Concept explainers
Operating Lease, Lessee, Amortization Schedules, Journal Entries. Cardillo Capital enters into a lease agreement with Vincent Motors to lease a delivery van with a fair value of $55,000 under a 36-month (3-year) lease The van has an estimated useful life of 8 years No initial direct costs are incurred by the lessor Cardillo has an option to purchase the van at the end of the lease for its fair value Monthly payments are $775 per month (payable on the first day of each month) with no cash down at inception, and there are no lease incentives Cardillo does not know the rate implicit in the lease and will use its annual incremental borrowing rate of 5% There is no transfer of title Cardillo does not guarantee a residual value at the end of the lease term and pays all insurance and maintenance independently of the lease contract to a third party Any sales tax charged is included in the lease payments Cardillo paid $900 in initial direct costs on the lease commencement date Cardillo has a fiscal year end of December 31, and prepares monthly financial statements The lease starts on January 1.
Required
- a.
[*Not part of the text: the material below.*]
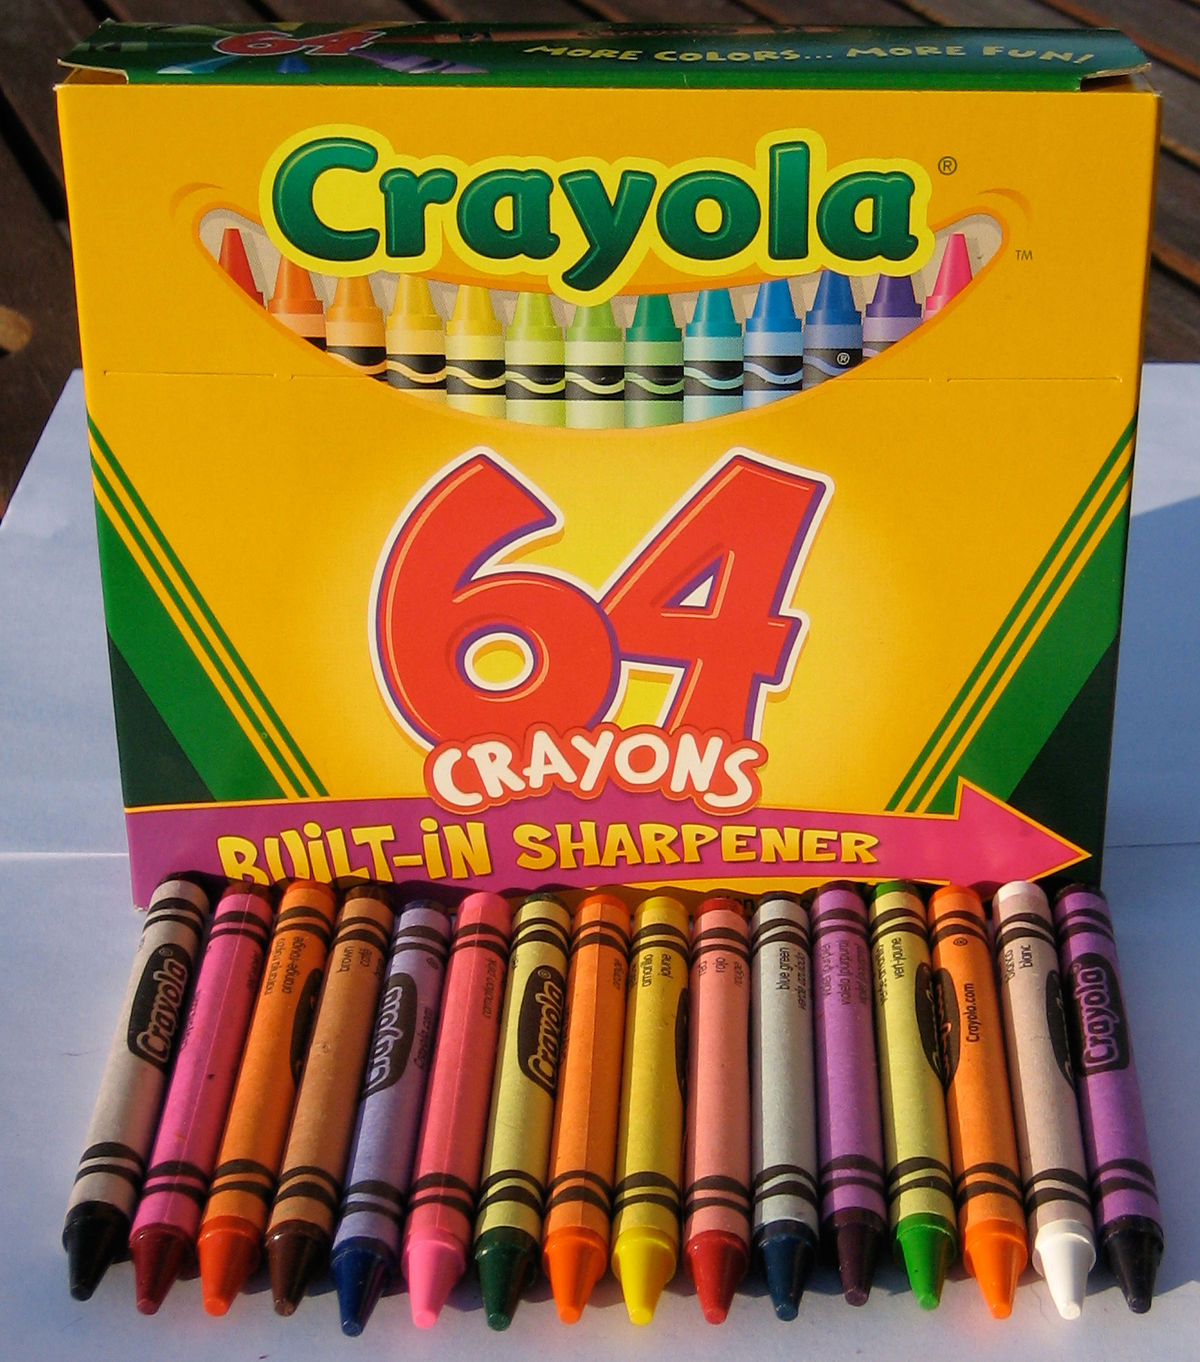 crayola crayon logo font

Classify the lease for Cardillo Capital.
- b. Determine the initial measurement of the lease liability and right-of-use asset.
- c. Prepare the partial amortization schedules needed to amortize the lease debt and the right of-use asset for the first 3 months of the lease agreement
- d. Prepare the
journal entries for the first 3 months of the lease.
Want to see the full answer?
Check out a sample textbook solutionChapter 18 Solutions
Intermediate Accounting
Additional Business Textbook Solutions
Marketing: An Introduction (13th Edition)
Essentials of MIS (13th Edition)
Foundations of Financial Management
Essentials of Corporate Finance (Mcgraw-hill/Irwin Series in Finance, Insurance, and Real Estate)
Intermediate Accounting (2nd Edition)
Principles of Operations Management: Sustainability and Supply Chain Management (10th Edition)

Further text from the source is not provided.